Q: My husband works for a much larger company than I do. I have always been covered under his plan because it is more affordable than the one offered by my smaller company. We just received a letter from his company stating that beginning next year, if I had access to my own health insurance I can no longer be covered under his insurance. Is this legal?
A: Yes, it is legal. The ACA requires employers with 50 or more workers to offer coverage to employees and their children (until age 26), but not spouses. But most employers do still offer coverage to spouses.
According to National Business Group on Health data, four percent of their members wouldn’t offer coverage to spouses who had access to their own employer plan in 2016, while one percent wouldn’t offer coverage to spouses at all.
But a much higher percentage – more than a third of employers – are tacking on a surcharge for spouses who continue to receive spousal insurance coverage despite having the option to obtain coverage through their own employers. And this approach is gaining popularity among employers.
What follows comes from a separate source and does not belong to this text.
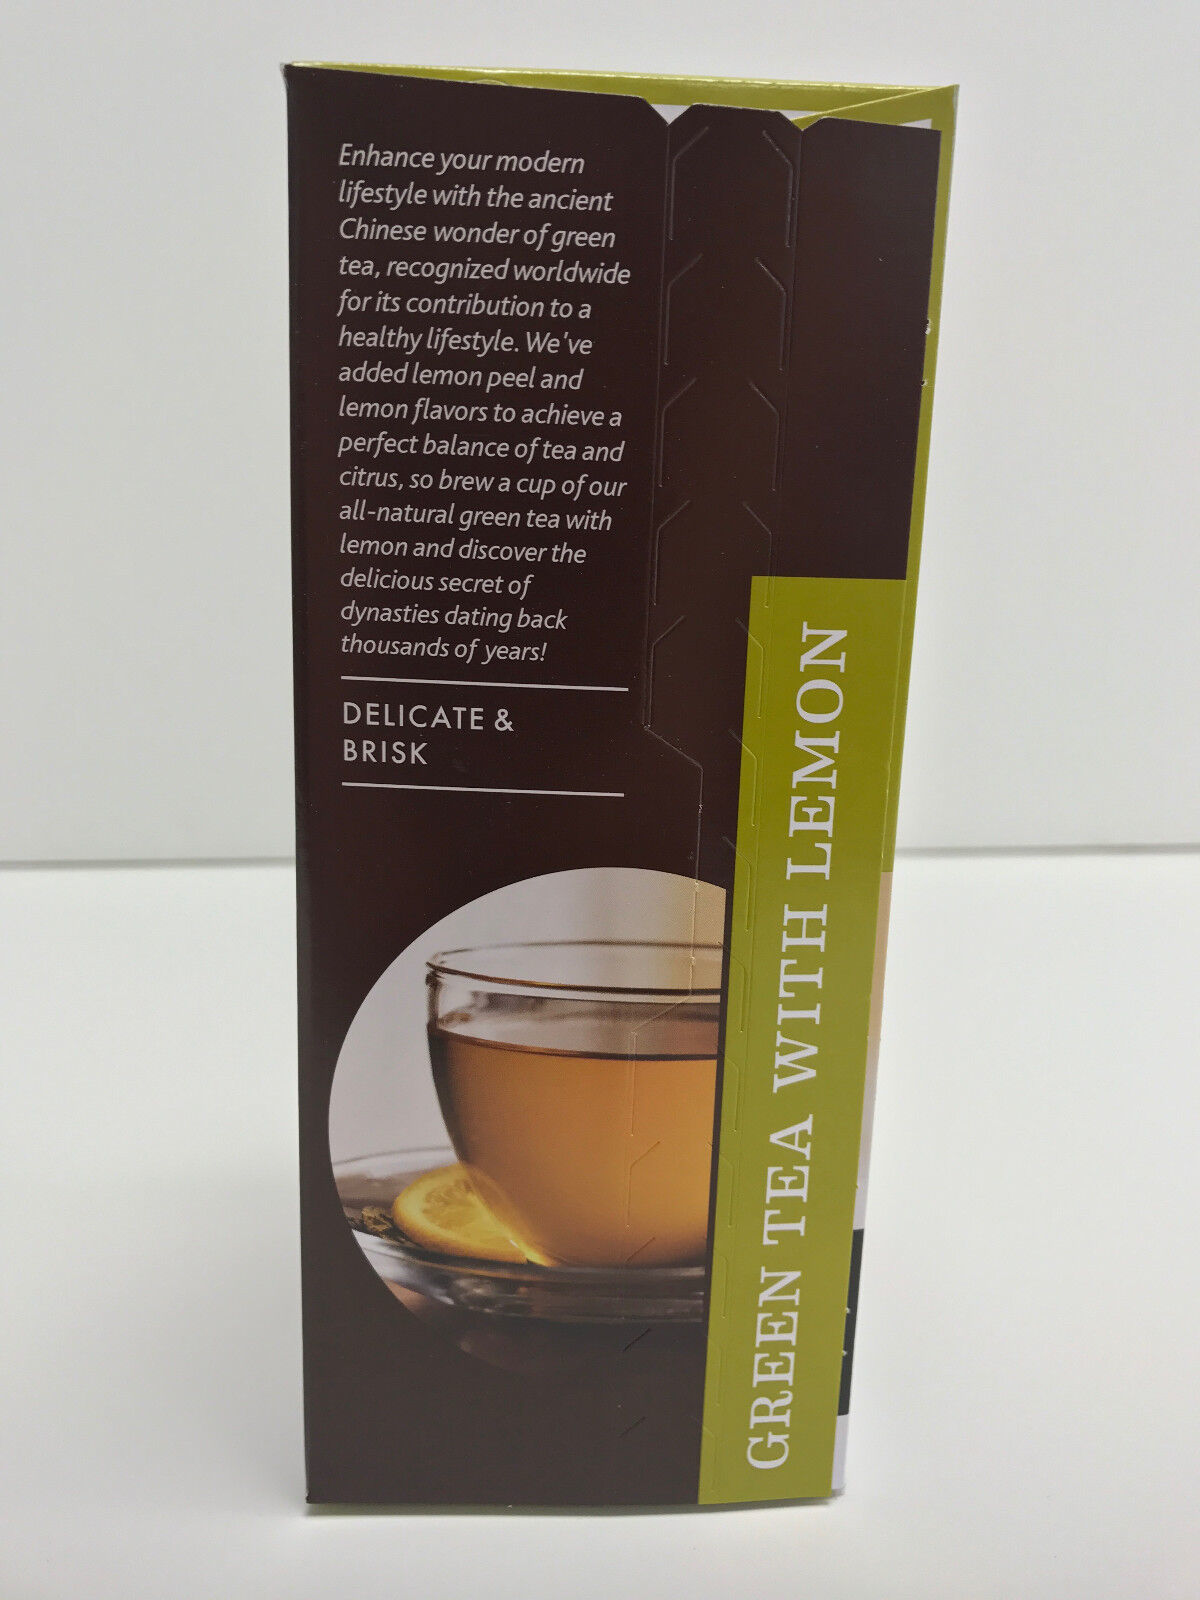 Farmer Brothers Premium Green Tea with Lemon, 25 ct box - $10.99

Since you’ll no longer have access to coverage through your husband’s job, the affordability test for your coverage will depend on what it costs to obtain coverage through your own job. Assuming the portion of the premium that you’re required to pay (for yourself only) doesn’t exceed 9.86 percent of your income in 2019, and assuming the coverage your employer offers pays for at least 60 percent of the average enrollee’s medical costs and provides “substantial coverage” for inpatient and physician care (ie, meets minimum value requirements), you wouldn’t be eligible for a subsidy to purchase individual health insurance in the exchange.
But if the coverage your employer offers doesn’t meet the tests for affordability and minimum value, you’d be eligible to receive a subsidy to offset the cost of health insurance purchased through the exchange, as long as you’re a legal US resident and you qualify for a subsidy based on household income.